L'étude de ces œuvres, qui connurent un rayonnement européen, enrichit profusément notre connaissance de la vie artistique lyonnaise au XVIe siècle.
-
-
-
Après avoir offert en 1517 au jeune François Ier le premier volume de son «Triumphe des Vertuz», constitué des deux traités du «Triumphe de Prudence» et du «Triumphe de Force», Jean Thenaud s’attèle à la rédaction de la seconde partie. Le 28 février 1518, la naissance du premier Dauphin François lui impose d’adapter son projet initial à l’actualité. Au printemps 1519, il présente au roi les troisième et quatrième traités du «Triumphe des Vertuz».
Ainsi, davantage que les deux traités qui le précèdent, le Triumphe de Justice, constitue-t-il un miroir des princes, dans lequel l’instruction morale apparemment destinée à l’enfant exhorte en fait le roi lui-même et l’enjoint à s’acquitter avec excellence de sa haute tâche. Ici comme ailleurs, Jean Thenaud recourt à son contemporain Erasme, dont l’«Institutio Principis Christiani», sortie de presse en mai 1516, rejoint ses préoccupations.

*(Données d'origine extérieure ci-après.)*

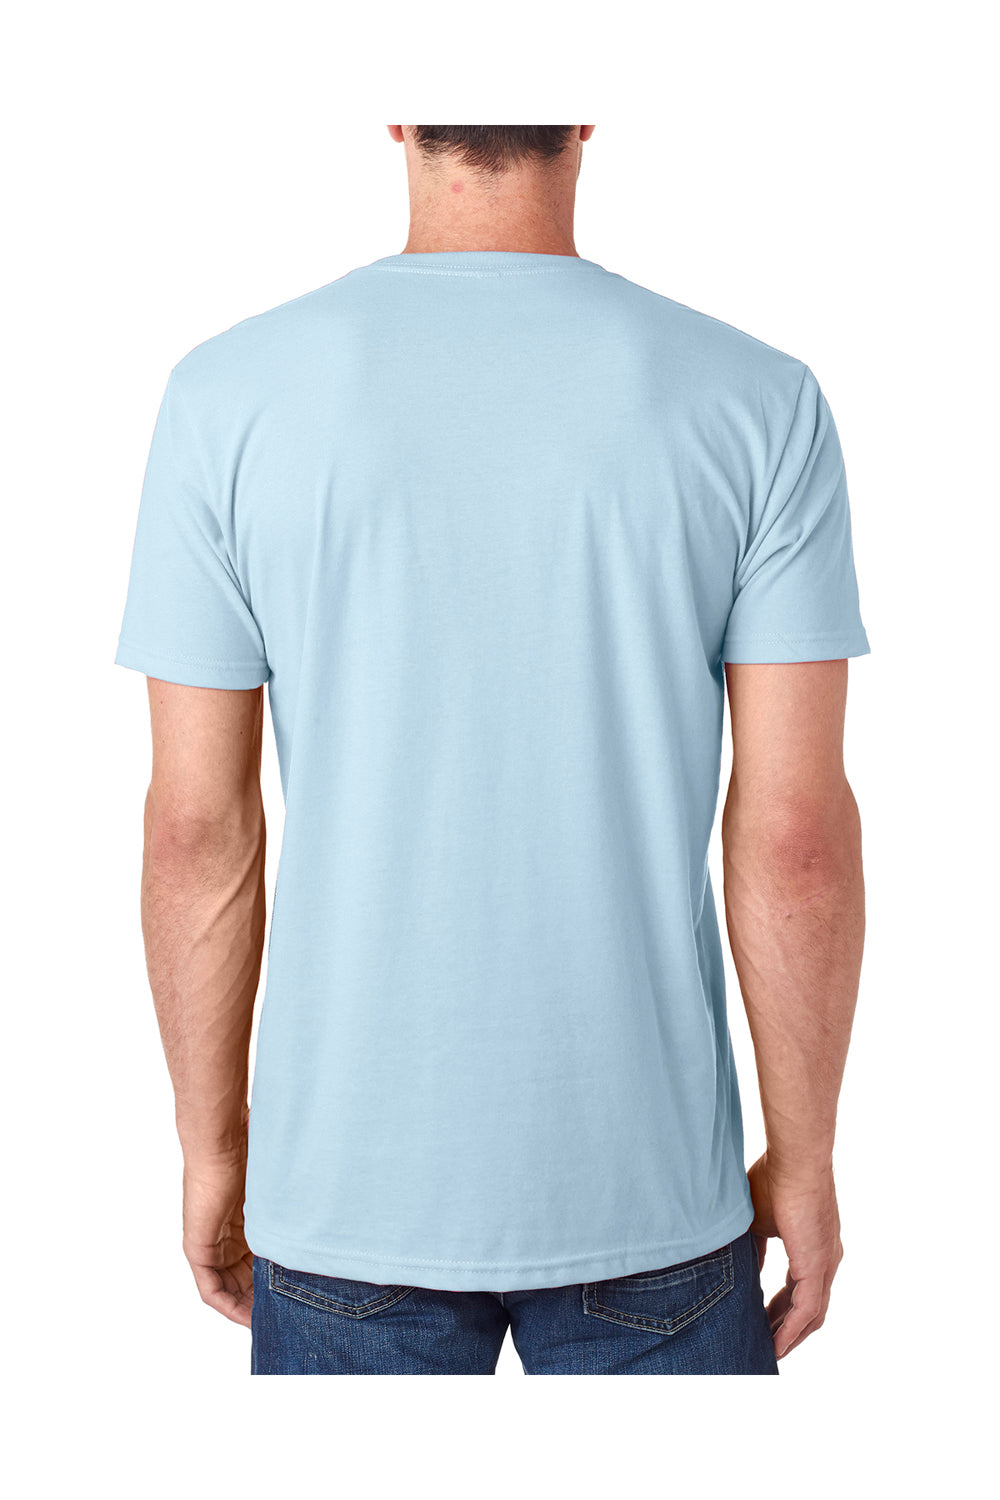 Next Level 6440 Mens Sueded Jersey Short Sleeve V-Neck T-Shirt Light Blue Back

Ayant procuré l’édition du «Triumphe de Prudence» (TLF, 489) ainsi que celle du «Triumphe de Force» (TLF, 550), Titia J. Schuurs-Janssen et René E. V. Stuip donnent maintenant l’édition critique du troisième traité que viendra clore celle du «Triumphe de Temperance».
-
L’Herméneutique de la satire rabelaisienne examine l’évolution que subissent les quatre livres authentiques des Chroniques pantagruélines à l’aune des critères d’hybridité et de mélange littéraire qui identifient celles-ci comme des variantes du méta-genre de la satire. Il semble bien que la varietas de la satire à la Renaissance, amalgame de sources antiques, médiévales et contemporaines, fournisse une contribution fondamentale à la question de l’intention et de la signification du texte rabelaisien, laquelle occupe et divise la critique depuis longtemps. En particulier, il apparaît que c’est la farce, satire populaire et univoque, qui régit les deux premiers livres, alors qu’une satire subtile et polysémique prédomine dans les Tiers et Quart Livres. En somme, Bernd Renner pose que l’écrit satirique illustre le phénomène de la digestion et de l’«imitation créatrice» de modèles littéraires qui, précisément, distinguent le texte de la Renaissance.